Он хотел крикнуть: «Нет, Харри! Стой!» — но захлебнулся слезами и выдавил только:
— Пожалуйста…
Тик-так, тик-так.
Харри сидел с закрытыми глазами, слушал ход секундной стрелки и считал, думая, что тиканье золотого «ролекса» — верный показатель того, что время не остановилось.
Тик-так, тик-так.
Если он считал правильно, они уже просидели в лифте четверть часа. Пятнадцать минут. Прошло девятьсот секунд с того момента, как Харри нажал на «стоп» между первым этажом и подвалом и сказал, что теперь они в безопасности и нужно просто ждать. Девятьсот секунд они сидели тихо как мыши и слушали. Шаги. Голоса. Звуки открывающихся и закрывающихся дверей. Харри с закрытыми глазами считал тиканье «ролекса» на запястье окровавленной руки на полу лифта, к которой он до сих пор был прикован.
Тик-так, тик-так.
Харри открыл глаза. Снял наручник, размышляя, как же он откроет багажник автомобиля, если он проглотил ключ от него.

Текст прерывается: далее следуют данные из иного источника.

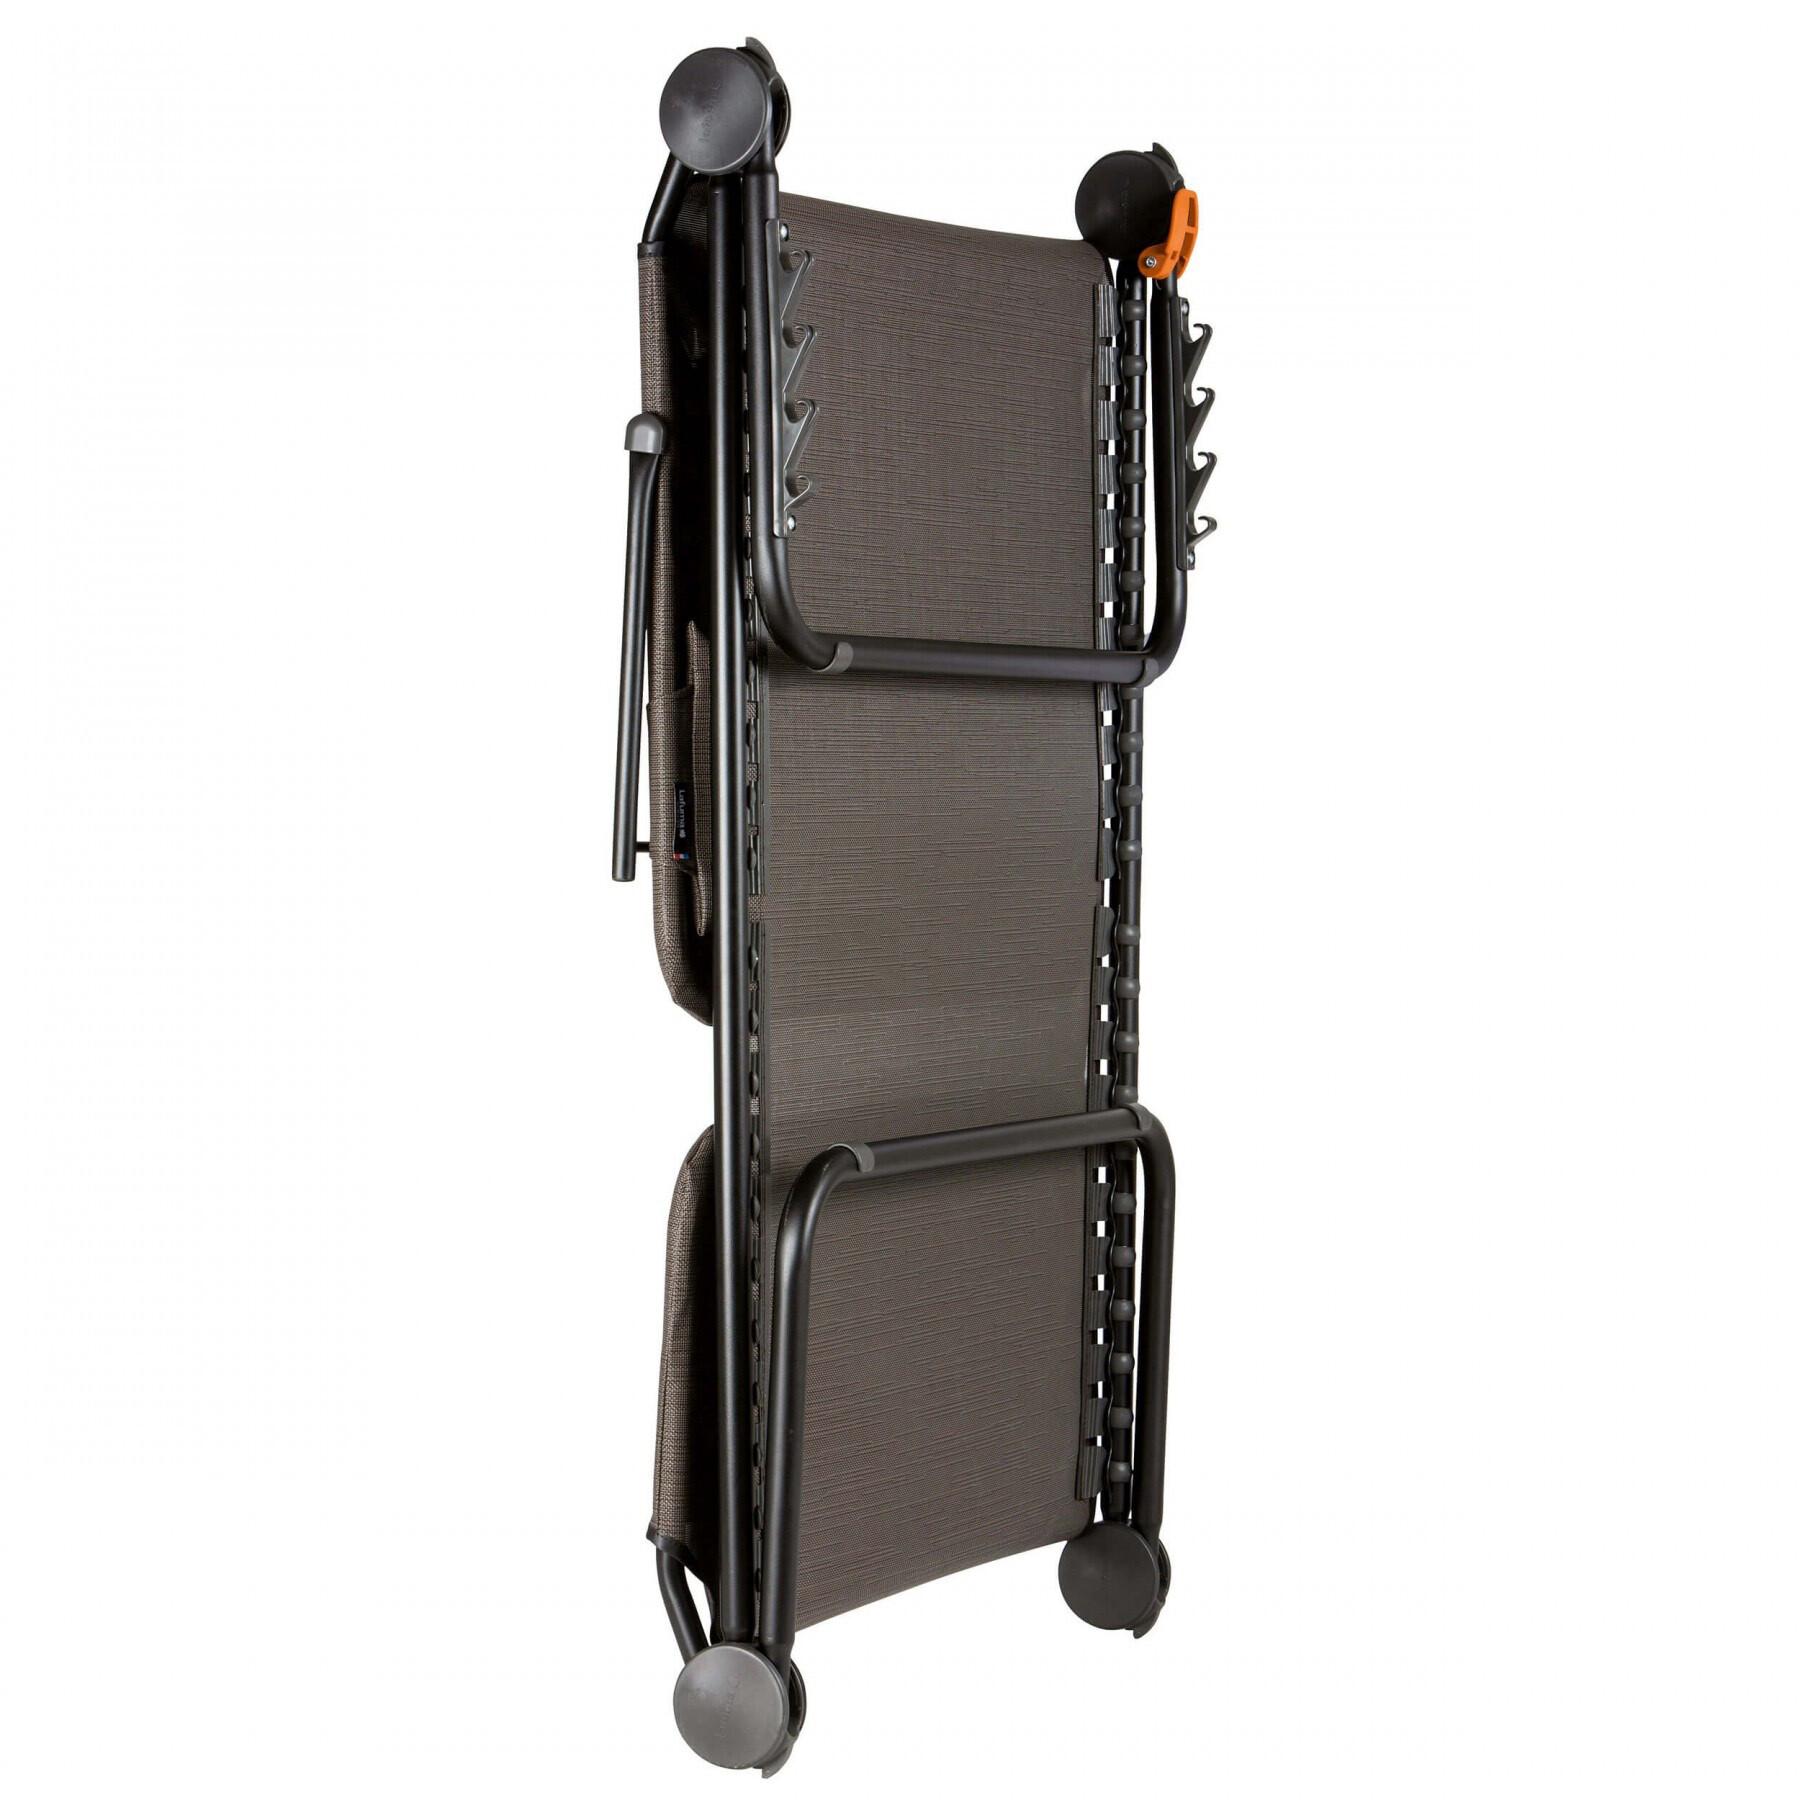 lafuma mobilier sunside chaise longue batyline duo. Black Bedroom Furniture Sets. Home Design Ideas

— Олег, — прошептал он и осторожно потряс спящего мальчика за плечо. — Мне нужна твоя помощь.
Олег встал.
— А смысл? — спросил Свен, глядя, как Олег становится Харри на плечи и отвинчивает с потолка обе лампы дневного света.

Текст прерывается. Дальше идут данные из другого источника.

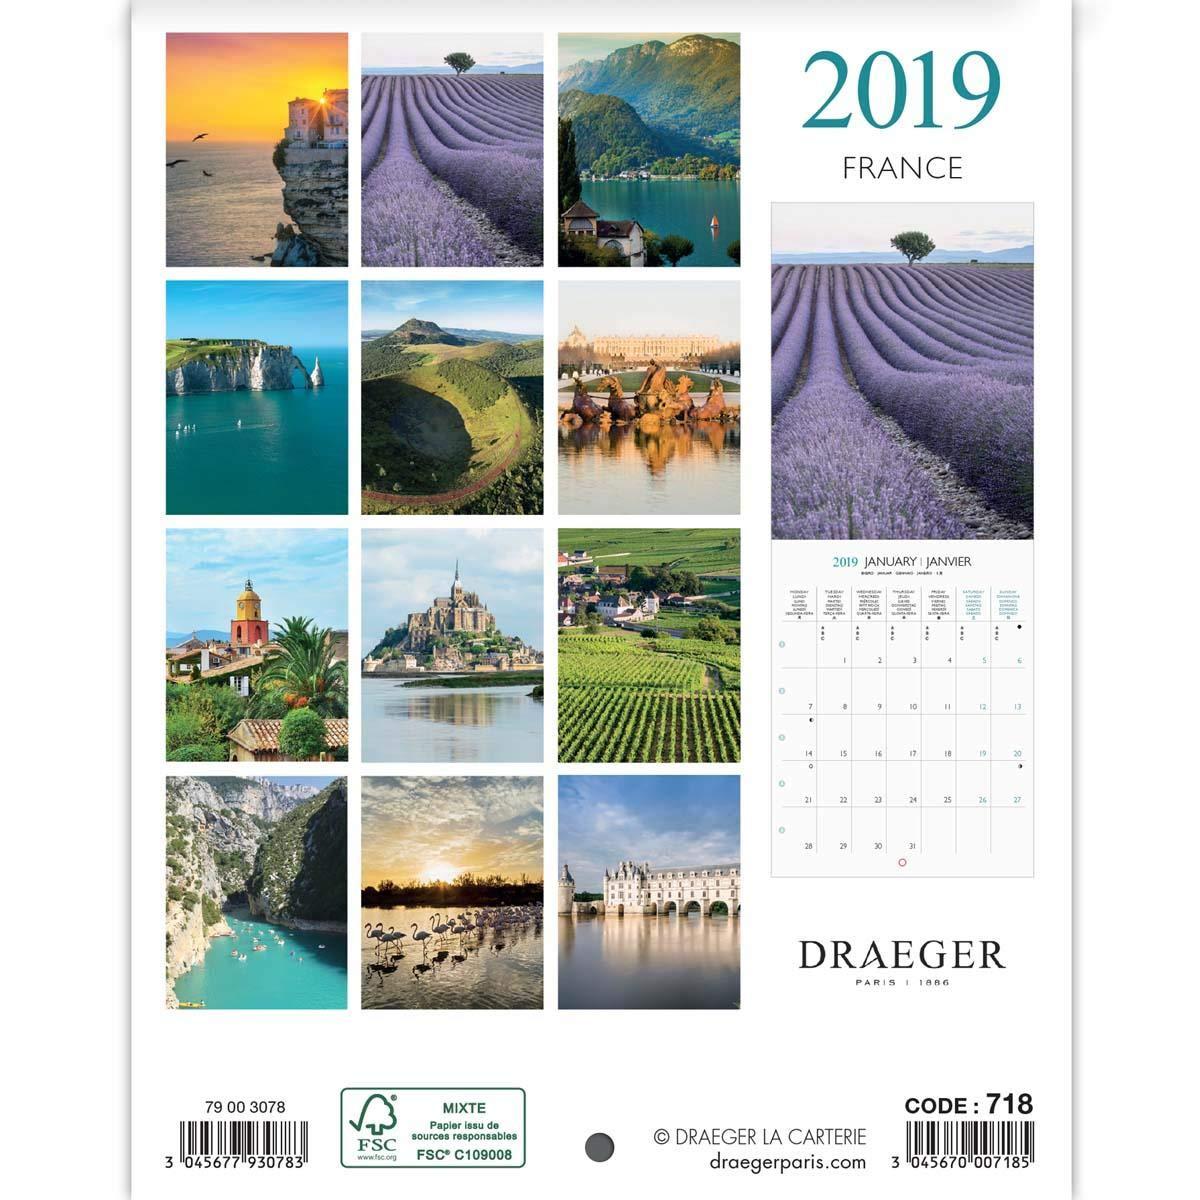 DRAEGER Kalender Frankreich 2019 18 18 18 x 14,5 cm 10 Stück B07HVM3846      Exquisite (in) Verarbeitung  e7ff97

— Принимай, — сказал Харри.
Свен протянул руку и взял у Олега одну лампу.
— Во-первых, мои глаза должны привыкнуть к темноте, — пояснил Харри. — Во-вторых, когда дверь откроется, стрелять в нас будет гораздо труднее.
— Волер? В подвале? — с сомнением в голосе спросил Свен. — Брось, кто такое переживет? — Он указал лампой на бледную, словно восковую руку на полу. — Представь себе, сколько крови он потерял.
— Я просчитываю все возможные варианты, — ответил Харри.
Стало темно.
Тик-так, тик-так.
Харри шагнул из лифта, подался в сторону и пригнулся. Услышал, как закрылась дверь за спиной. Дождался, пока лифт поедет. Они договорились, что Олег со Свеном поднимут лифт и остановят его между подвалом и первым этажом, где они будут в безопасности.
Харри затаил дыхание и прислушался. Пока — никаких следов призрака. Он распрямился во весь рост. Сквозь окошко двери в другом конце подвала падал свет. Вокруг громоздились садовые стулья и столы, старые комоды и лыжи. Харри стал ощупью пробираться вдоль стены. Нашел дверь и открыл ее. В нос ударил сладковато-тошнотворный запах мусора. То, что нужно. Он зашел внутрь. Воздух был спертым и жарким от гниения. Ступая по набитым отходами пакетам, яичной скорлупе и упаковкам из-под молока, Харри добрался до дальней стенки. Там лежал пистолет. Один кусок клейкой ленты до сих пор был на нем. Убедившись в том, что пистолет по-прежнему заряжен, Харри вернулся в подвал.
Он осторожно шел на свет — к той самой двери. Она должна была выходить на лестницу.
Когда он подошел поближе, он увидел за стеклом темный силуэт. Лицо. Харри непроизвольно пригнулся, но тут же понял, что человек с той стороны не видит его в темноте. Взяв пистолет двумя руками, он медленно сделал два шага вперед. Лицо было прижато к стеклу, Харри различал его черты. Он взял его на мушку. Это был Том. Широко раскрытыми глазами он смотрел сквозь него в темноту.
Сердце Харри билось так сильно, что пистолет подрагивал в руке.
Он ждал. Медленно текли секунды. Ничего не происходило.
Тогда он опустил пистолет.
Подошел к стеклу и взглянул в глаза Тома Волера. Их уже покрыла бледно-голубая пленка. Харри обернулся и тоже посмотрел в темноту. Что бы там ни привлекло взгляд Тома, оно уже исчезло.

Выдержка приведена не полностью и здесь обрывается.